Introduzione — Doveri delle Mogli
I doveri delle mogli nel Nuovo Testamento formano un'halakhah — un «cammino» (derech) normativo che codifica il ruolo della moglie cristiana non come soggezione passiva ma come risposta strutturata all'agapē del marito. La tradizione ebraica conosce il concetto di ezer kenegdo (Gn 2:18) — aiuto corrispondente, non subalterno —, che Paolo e Pietro leggono come icona dell'alleanza tra la Chiesa e Cristo. Dodici comandi apostolici tracciano i contorni di questa vocazione: sottomissione, ornamento interiore, condotta testimoniale, amore concreto per il marito e i figli. Ogni comando è una halakhah operativa, non una generica esortazione morale.
Paolo comanda: «Mogli, siate soggette ai vostri mariti, come al Signore» (Ef 5:22). Il greco ὑποτάσσεσθε (hypotassesthe) — presente medio riflessivo — indica un'azione che la moglie compie su se stessa, non una sottomissione imposta dall'esterno. Il modello è cristologico: «come la Chiesa è soggetta a Cristo» (Ef 5:24). Questo frame non abbassa la dignità della moglie ma la colloca nell'economia dell'alleanza: la Chiesa non è serva di Cristo ma sua sposa. Colossesi 3:18 aggiunge la qualificazione «come si conviene nel Signore» (hos anēken en kyriō) — la sottomissione è limitata dalla fedeltà al Signore, non assoluta. Giovanni Crisostomo, commentando Efesini, sottolinea che la sottomissione della moglie presuppone e richiede l'amore sacrificale del marito: i due comandi si sostengono reciprocamente come il modello Cristo-Chiesa.
Pietro indirizza il suo comando in primo luogo alle mogli di mariti non credenti: «Parimente voi, mogli, siate soggette ai vostri mariti, affinché siano guadagnati senza parola dalla condotta delle loro mogli» (1Pt 3:1). Il mezzo di evangelizzazione non è la parola ma la condotta — ἀναστροφή (anastrophē), il comportamento costante e visibile. Pietro specifica: «quand'avranno considerato la vostra condotta casta e rispettosa» (1Pt 3:2). Il valore teologico dell'ornamento interiore emerge nel v. 4: πνεύματος πραέος καὶ ἡσυχίου (pneumatos praeos kai hēsychiou), spirito mite e quieto, «che agli occhi di Dio è di gran prezzo». L'esempio è Sara, che chiamò Abramo «signore» — non per servitù ma per fiducia nell'alleanza: «della quale voi siete divenute figlie» (1Pt 3:6).
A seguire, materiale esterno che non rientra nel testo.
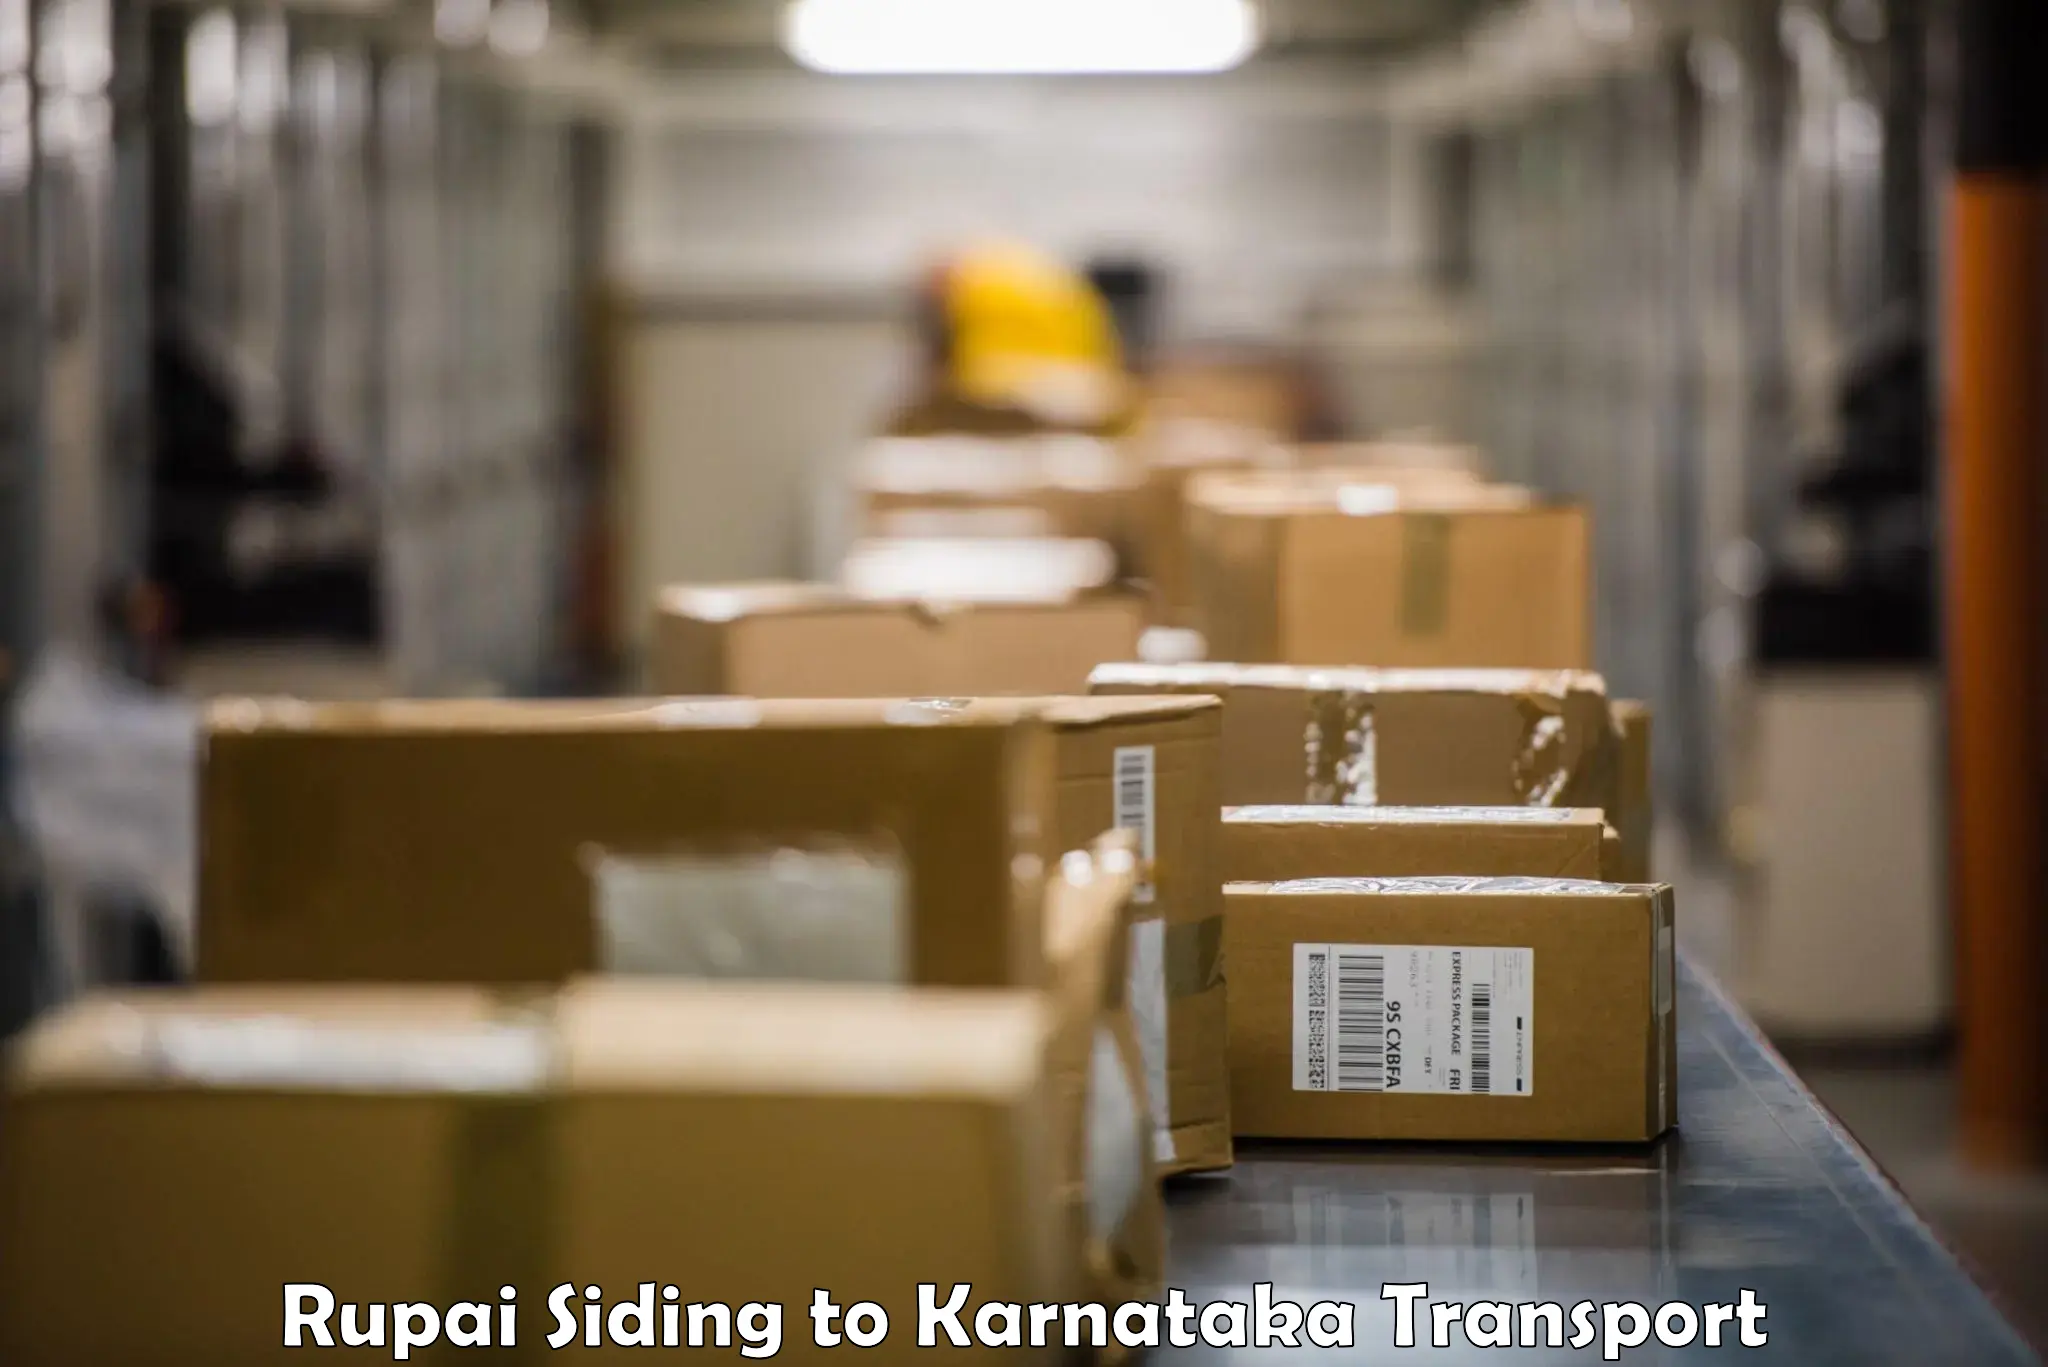 Road transport online services Rupai Siding to Bangalore

Paolo istruisce Tito a formare le donne anziane perché insegnino alle giovani «ad amare i mariti, ad amare i figli, ad esser assennate, caste, date ai lavori domestici» (Tt 2:4-5). Il philandros (che ama il marito) e il philoteknos (che ama i figli) sono disposizioni relazionali concrete, non sentimentali: si insegnano e si praticano. La motivazione è esplicitamente kerygmatica: «affinché la Parola di Dio non sia bestemmiata» (Tt 2:5). La condotta della moglie cristiana è apologetica pubblica. La mutualità del vincolo coniugale è ribadita in 1Cor 7:3: «Il marito renda alla moglie quel che le è dovuto; e lo stesso faccia la moglie verso il marito» — la moglie partecipa pienamente alla reciprocità del débito coniugale.
- Comprendere la sottomissione come scelta libera: Hypotassesthe è voce media riflessiva — la moglie sceglie di collocarsi nell'ordine dell'alleanza. Non è una resa ma una posizione relazionale deliberata, fondata sull'agapē del marito (Ef 5:22-24).
- Curare l'ornamento interiore prima di quello esteriore: Pietro comanda di investire nello «spirito mite e quieto» prima che nell'abbigliamento. La pace interiore è la forma di bellezza che ha valore permanente agli occhi di Dio (1Pt 3:4).
- Esercitare la condotta come testimonianza: La anastrophē di 1Pt 3:1 insegna che i mariti non credenti vengono guadagnati non dalla persuasione verbale ma dalla coerenza visibile tra fede e comportamento quotidiano.
- Amare concretamente marito e figli: Il philandros e il philoteknos di Tt 2:4 sono capacità che si formano e si trasmettono. L'amore coniugale e materno si apprende come ogni competenza pratica, nella comunità delle donne più anziane.
- Partecipare alla mutualità del vincolo coniugale: 1Cor 7:3 ricorda che la moglie ha obblighi e diritti simmetrici a quelli del marito. La sottomissione non elimina la reciprocità ma la ordina nell'alleanza.